APA Heritage Month Profiles: Hiroshi Kashiwagi, Poet, Playwright, Actor

May 18, 2011

Photos courtesy Soji Kashiwagi

When Hiroshi Kashiwagi was a sixth-grader in rural northern California in the 1920s, “What I Did Over the Weekend” time was an exercise in alienation. While his classmates shared thrilling tales of hunting in the woods and visiting scattered relatives for slumber parties, little Hiroshi's stories usually took place in his family’s fish store. He knew his weekend chore wouldn’t make any sense to his classmates: watching the water and soybeans trickle into a stone grinder for tofu-making, back when tofu was a strange and foreign thing.


      Hiroshi Kashiwagi and wife Sadako

So he started making up stories. In the fantastic land of his mind, he was a hunter, a hero, a regular boy.

“Where were my relatives? Did I have any at all? Maybe in Japan, but certainly none close by. Some boys told about going fishing and hunting which was boring to me … People listened to them. Why couldn’t I tell a hunting story? But I never went hunting.

One Monday morning when my turn came around, I went up front.  Strangely, I felt quite confident as I began, ‘Over the weekend I went hunting with my dog Spot.’ I had never held a gun in my hand, much less shot one, but I had the kids’ rapt attention. No one had heard of Spot either.  He was an invention.”

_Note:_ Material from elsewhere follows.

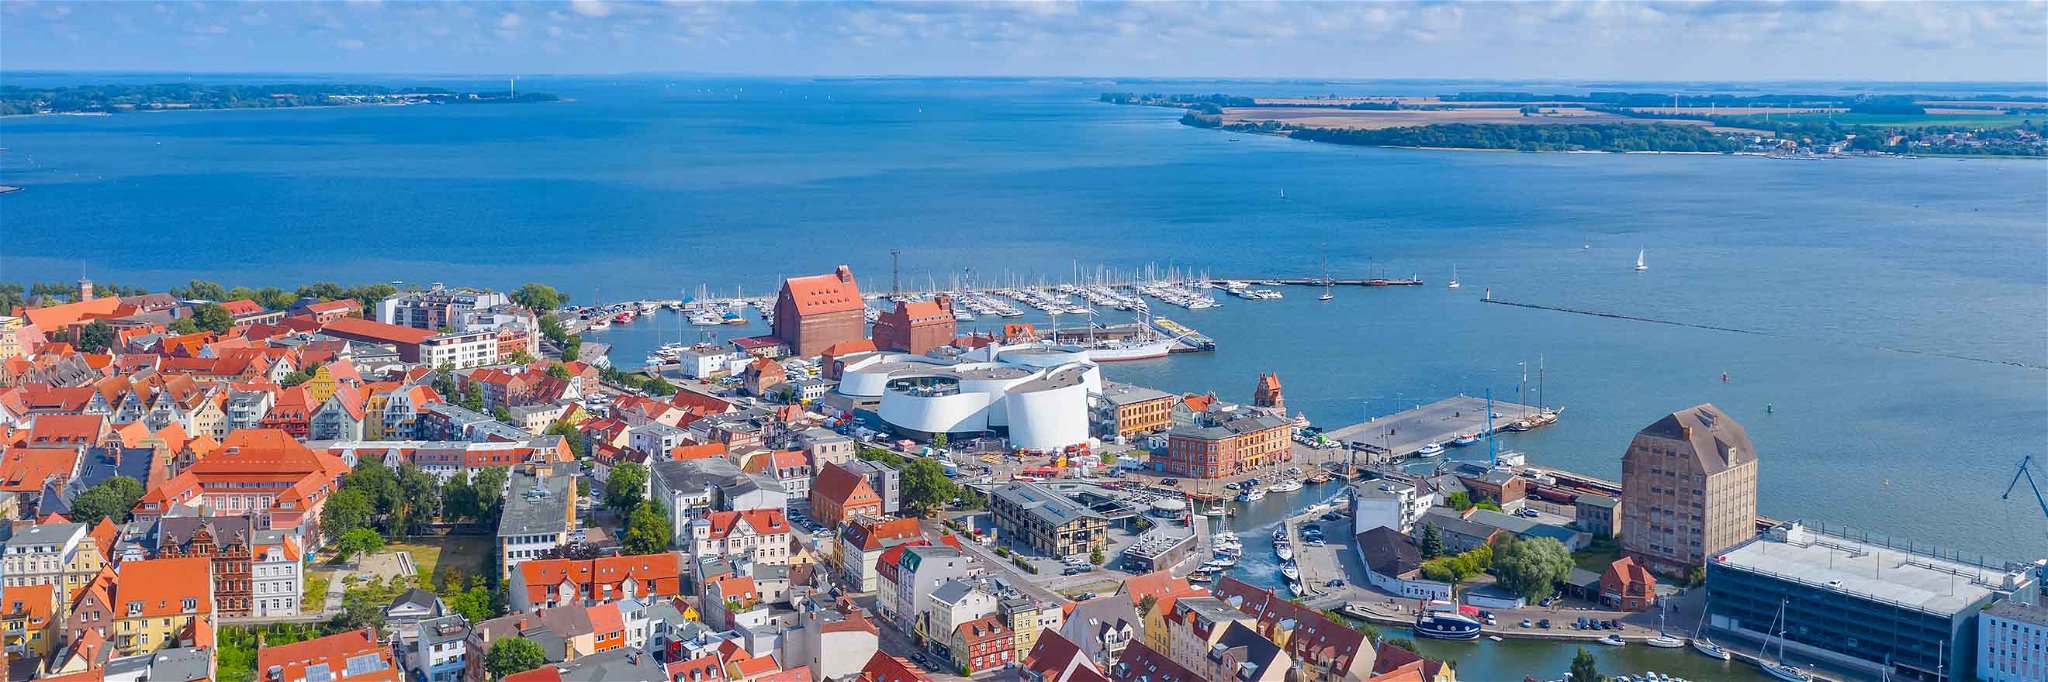 Durch die Meerenge zwischen Stralsund und Rügen ist das Wasser der Ostsee hier besonders ruhig.

From Swimming in the American: A Memoir and Selected Writings by Hiroshi Kashiwagi

His dreaming confronted harsh reality with the outbreak of World War II. War against Japan meant anti-immigrant resentment focused itself on the nearest target: Japanese Americans. Already misunderstood, the line between Asians and Asian Americans was deliberately blurred when President Roosevelt issued Executive Order 9066 on February 19, 1942, calling for the Secretary of War to “protect against espionage” and avoid “sabotage to national defense material.” In order to “protect America,” both Japanese nationals and American citizens of Japanese descent were ordered imprisoned. The Kashiwagis joined tens of thousands of other families in prison camps across the United States.

Hiroshi was 19 years old, and he describes camp time with a mixture of wonder, playfulness, and terror. His longtime interest in writing and performing found an outlet in camp, where he joined a writers club and tested out his material in front of an all-Japanese American audience (reaction: underwhelmed). Still, he persevered, hoping to become an actor for stage and screen.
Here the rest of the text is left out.